Clapper stubbed out his cigarette and stood up, looking as near to positively enthusiastic as Gideon had seen him. “That’s fine. Fancy a short, bracing walk to the harbor, followed by a jaunt over the bounding main in a luxury yacht?
“Nothing I’d like better,” Gideon said.
“Excellent.” He was already shrugging into the tunic that he’d taken from a hanger behind the door. “Kyle,” he said pleasantly on the way out, “get hold of Trus Hicks on the blower and tell him we’ll be on his doorstep in half an hour, will you? Tell him what it’s about.” He picked up one of the hats-the soft, military kind, not a helmet. “And ring up the cox to let him know we’re on our way to the boat, there’s a good lad. Going to St. Agnes, ain’t we?”
Clapper’s “luxury yacht” turned out to be a garish yellow-and-green, twin-hulled metal boat that served both as police launch and water ambulance for the islands. The cox-the pilot-was waiting for them, and as soon as they were aboard he started it up. Gideon was surprised at the 747-like roar and power of the twin jet-thrust engines. Within seconds they were out of Hugh Town Harbor and scudding south across the famously wicked currents of St. Mary’s Sound, heading for the island of St. Agnes with the boat’s prow a foot in the air.
“Wow,” he exclaimed, hanging on to the railing for dear life.
“We’ll have you there in three and a half minutes,” the pilot shouted with pride, leaning forward as if to coax yet a little more speed from it. “At full-tilt, we can get to just about any of the off-islands in under nine minutes.”

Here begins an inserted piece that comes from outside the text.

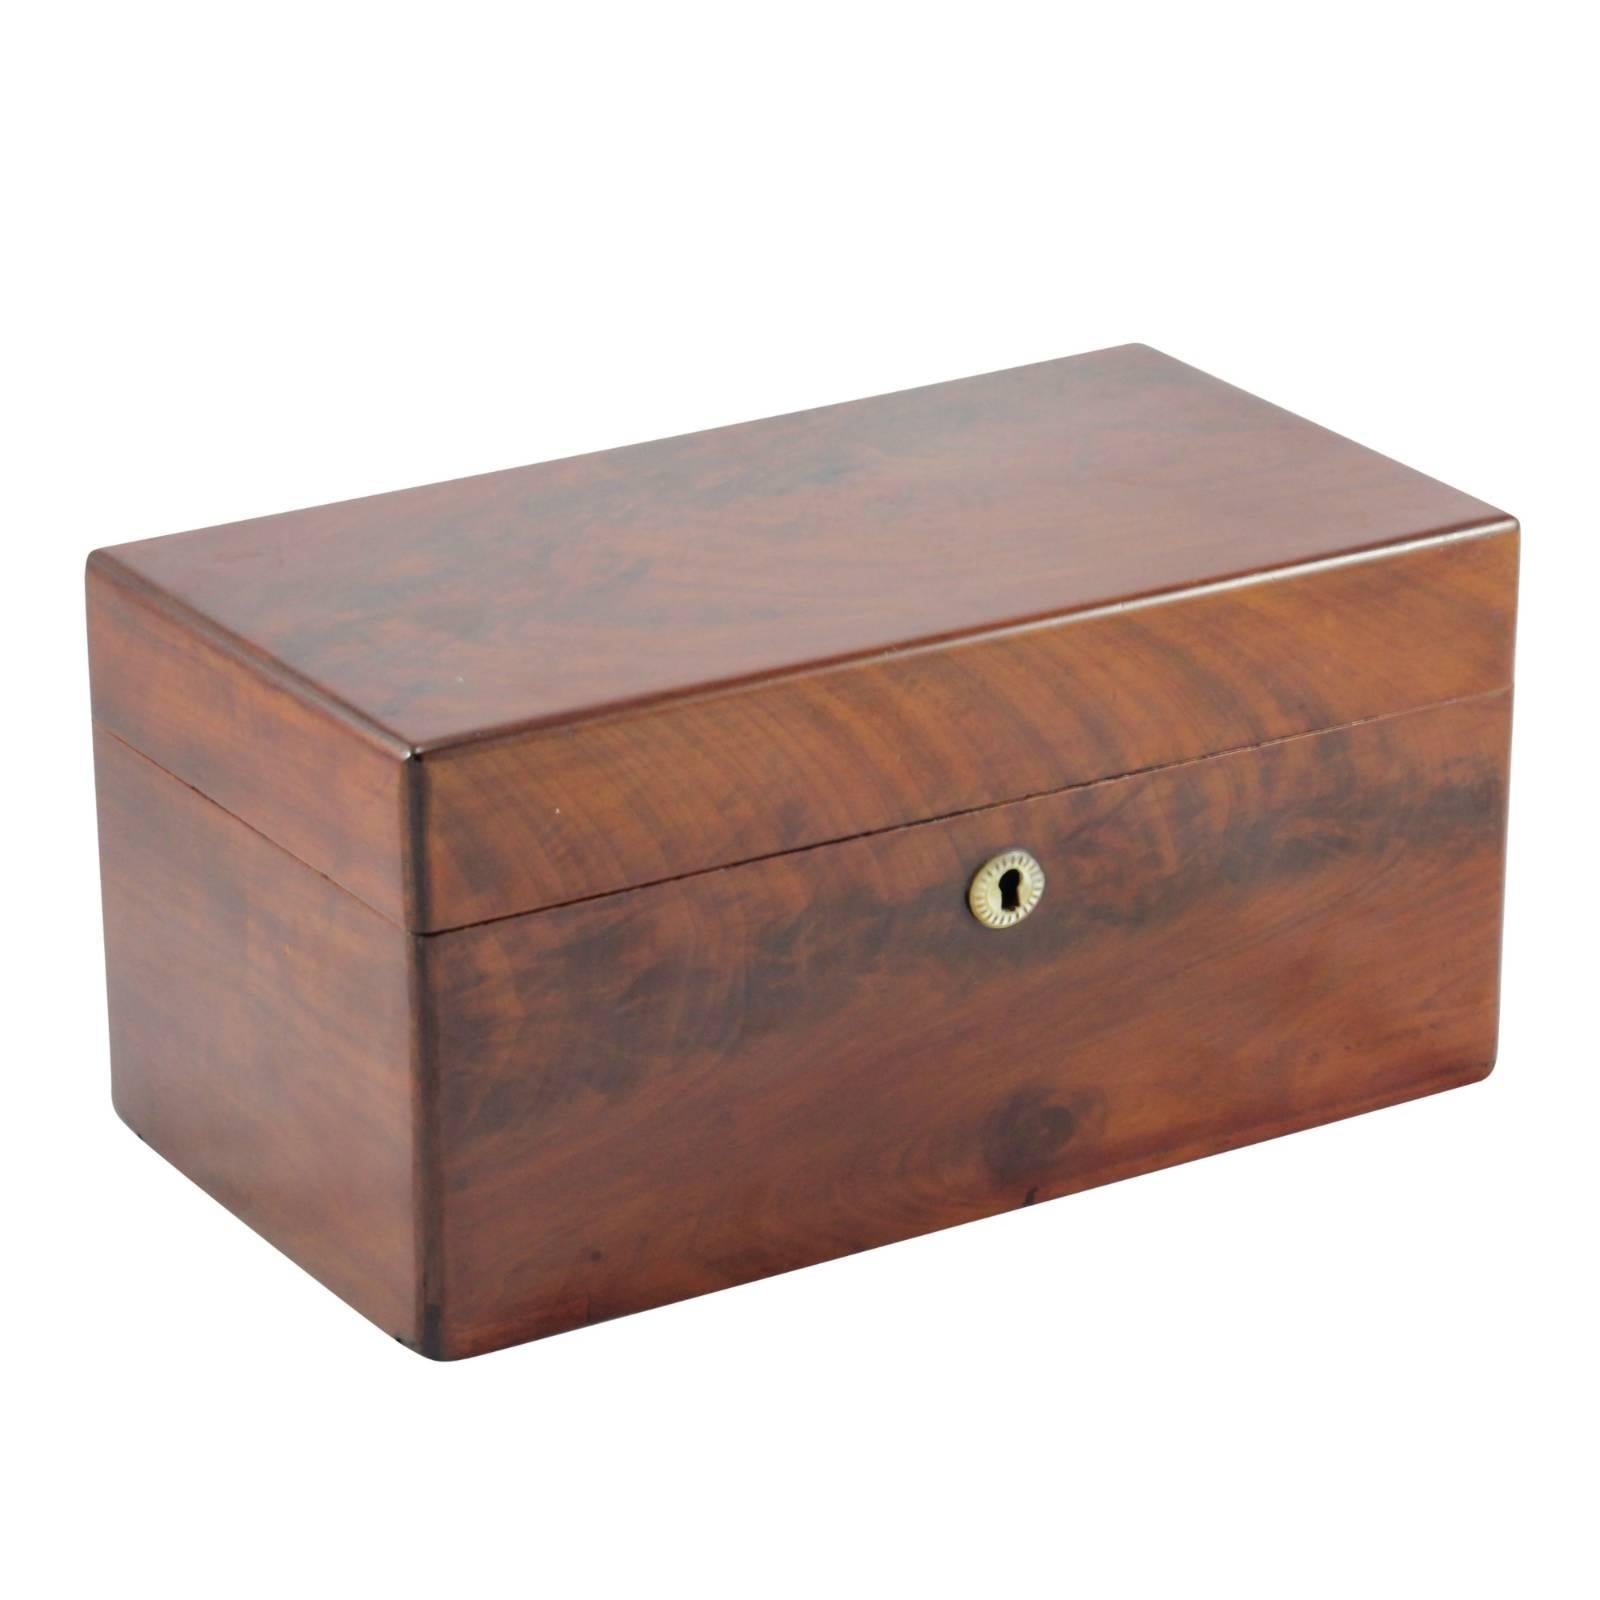 This rosewood tea caddy contains two removable compartments for loose tea with hinged lids. It also contains a later pressed amber glass mixing bowl. The outer box features a mother-of-pearl escutcheon but has no key. The bottom of the box has a lot

The launch had a small enclosed cabin for patients needing treatment or prisoners needing restraining, to which Clapper and Gideon retreated, partly because it was quieter than the deck, and partly because the wind had a bite to it from the thready mist that was beginning to form low over the water, in line with Robb’s earlier prediction of fog. Once seated on the wooden benches that ran around its perimeter, Clapper asked: “Ever heard of Truscott Hicks?”